First you need to be sure they are CAE and not SAE(since you thought they were otos I don't think this is far stretch).The SAE(siamese Algae eater) has the stripe all the way through the tail,while the CAE stripe stops before tail.The SAE will also have "whisker"/barbels,being a member of the carp family.
If your fish are SAE then count them as a score and you should be fine(all fish would like a larger tank).
If they are actually CAE then you should just consider returning them to the LFS(even fo free) or trying to trade for something else(keep trying for otos).The CAE do stop eating algae as the yage ,become aggressive(not always towards each other only),and do get large.
I admire you wanting to right by your purchase,but there is a middle ground to buying a large tank and killing them.Trade them or offer them to anyone who knows how and will properly keep them.
http://www.aquariumforum.com/f4/cae-sae-pics-7361.html
This is an old thread on ID of SAE/CAE.


----------



## big b (Jun 28, 2014)

susankat said:


> If you asked me that question I would say none of your business. He probably works hard at a job.
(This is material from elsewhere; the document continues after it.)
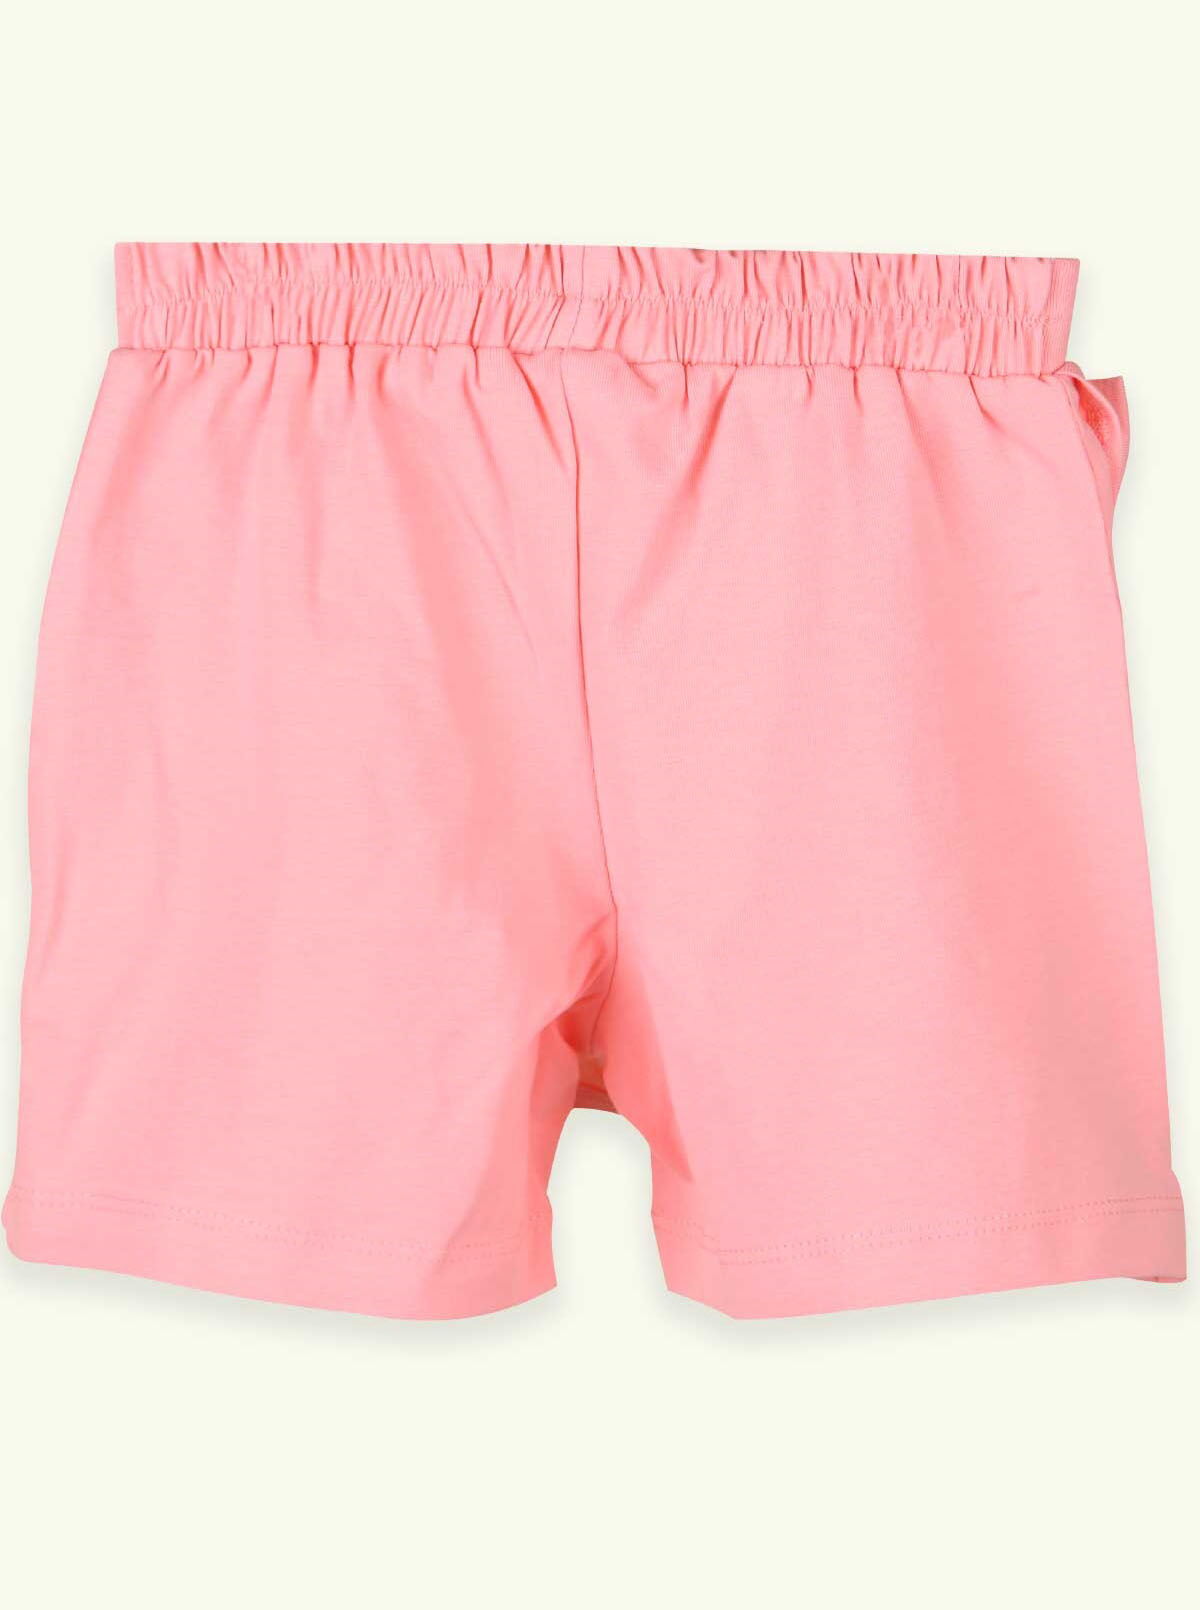 Юбка-шорты для девочки Breeze персиковая 15645 - размеры

no, no that was a complement cuz that is a high paying job and i am impressed that they even have those kind of jobs available.


----------



## Axilleus (Aug 1, 2014)

It looks like the stripe does stop before the tail, and I can't see any barbels. That said I think it would be an interesting challenge to keep these fish, I'm just having a hard time finding resources on how to do it. Does anyone have any information on their specific needs?


----------



## big b (Jun 28, 2014)

well if you wanna be extra sure just find some people selling sae but if it does not say real sae then do not trust it then compare them together.


----------



## coralbandit (Jul 29, 2012)

Strong current and moderatley warm/clean water.It will eat algae while young but will become accustomed to whatever you are feeding the tank out of convienence(laziness).This link has good info;
Chinese Algae Eater, Sucking Loach, Gyrinocheilus aymonieri
It mentions fish that stay in upper part of tank to be good companions which makes sense.


----------



## big b (Jun 28, 2014)

actually that is not true they might kill the tank mates at night when they are sleeping


----------